Lin Huanjie, head of the Institute for Theme Park Studies in China, told the Global Times on Tuesday that outdated facilities, slow content refresh cycles and phased openings that drag out the formation of a full experience have left many visitors feeling that "once is enough." Xi'an's Silk Road theme park's sluggish initial phase, as well as the Fantawild parks in Xuzhou and Yingtan failing to gain traction, are cited as typical examples of being "half a beat too slow." 

"At present, a significant proportion of local theme parks still rely on importing overseas IPs to attract visitors. The newly announced Ferrari World entertainment complex in Beijing's Tongzhou district and the latest Phase II expansion unveiled for the LEGOLAND Shanghai Resort are both investments made on the basis of China's potential in the cultural tourism market."

In face of global players such as Disney and Universal, domestic parks are trying to break through. Their path forward depends on creating distinct cultural themes and localized innovation.

For example, in 2023, the night-tour program based on Journey to the West launched by the Changchun Zoological and Botanical Park became a social media hit, per the Xinhua News Agency. Today the zoo has kept the model alive: running as a regular zoo by day and selling separate tickets for night-time immersive experiences inspired by the 1986 TV adaptation of the classic novel, continuing to draw sizeable crowds.

In mid-August, Qiu Qiu, a visitor from Changsha, Central China's Hunan Province, visited an amusement park themed on Journey to the West in Huai'an, East China's Jiangsu Province, the hometown of the novel's author Wu Cheng'en, with her child. Qiu told the Global Times that beyond seeing iconic attractions such as "Havoc in Heaven" and "The Monkey King," which blend holograms and light shows, they were lucky enough to catch a drone performance themed on the Jiangsu Football City League, or Suchao in Chinese.

"For children, it's really the image of the Monkey King and all the colorful sets that hold their attention. For us adults, it's a form of cultural memory," she said.

While international brands and large resorts maintain their appeal through strong IPs and heavy investment, parks with vague positioning or unclear themes are losing out. For domestic brands to break free from "look-alike landscapes," they need memorable cultural settings that encourage repeat visits. 

This doesn't mean that cultural settings need to be confined strictly to traditional culture. The Chimelong Group has similarly built its brand through a model of animal conservation, themed entertainment and cultural-tourism integration, including the aforementioned Chimelong Ocean Kingdom and Chimelong Paradise. Paired with Guangdong's first maglev line and the region's rich natural forests, this approach has earned founder Su Zhigang a place in the international hall of fame run by the Global Association for the Attractions Industry. 

By weaving animal protection, ecological culture and themed entertainment into a single narrative, Chimelong has become a globally recognizable Chinese original.

To go further, what will broaden the global reach of China's theme parks is not merely traditional culture, but the transition from "running a park" to "running an IP." Growth depends on the ability to tell compelling stories.
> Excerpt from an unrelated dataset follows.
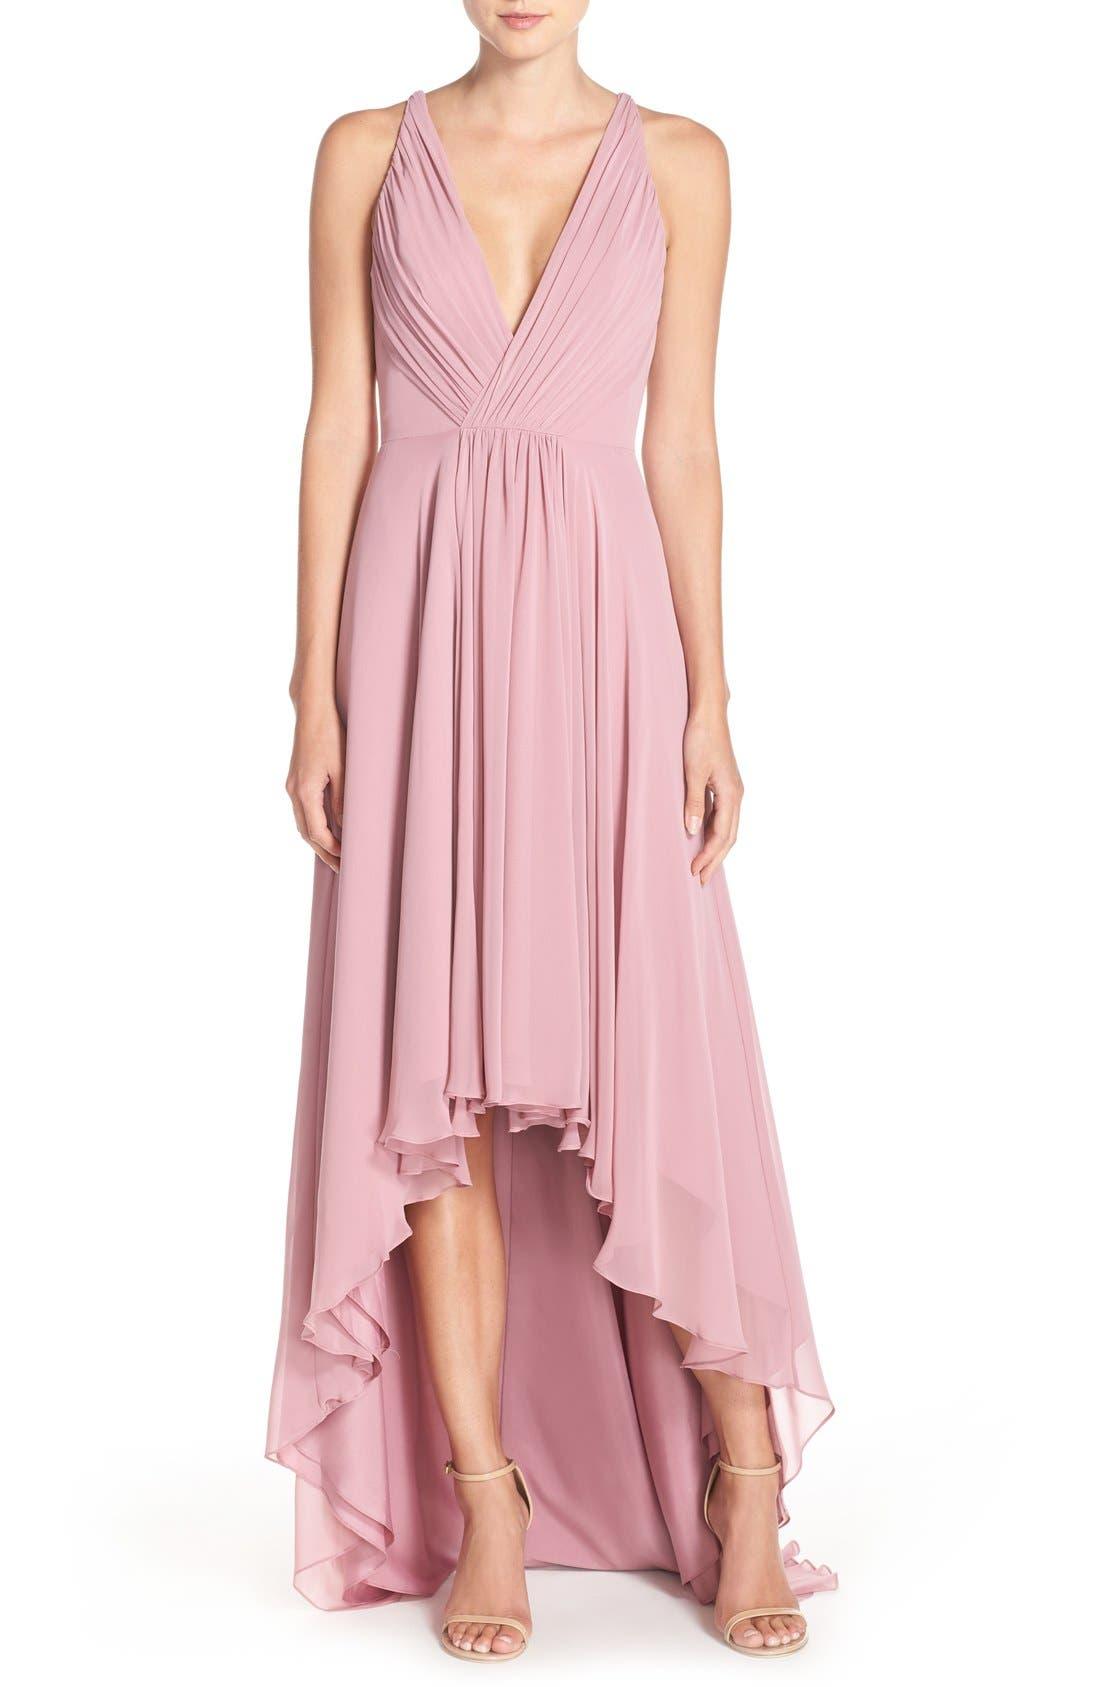 Main Image - Monique Lhuillier Bridesmaids Deep V-Neck Chiffon High/Low Gown

Industry insiders make clear that the biggest gap between domestic parks and international brands lies in original IP development and the ability to build coherent narrative systems. The closure of the Snoopy theme park is cited as a textbook example of leaning on nostalgic IP without sustained innovation. Future competition will no longer hinge on "who has the most rides," but on who can offer richer, more immersive and more sustainable stories.

Yang Hong, a professor of social communication at the Communication University of China, told the Global Times that the key lies in turning ­Chinese culture into an operable, immersive and continually renewable content system, one that can render regional culture into IPs and integrate cultural elements with rides, landscape design and performances. 

Allowing visitors to experience a complete narrative linked to Chinese culture is what will truly captivate tourists and lead to the success of Chinese-themed parks.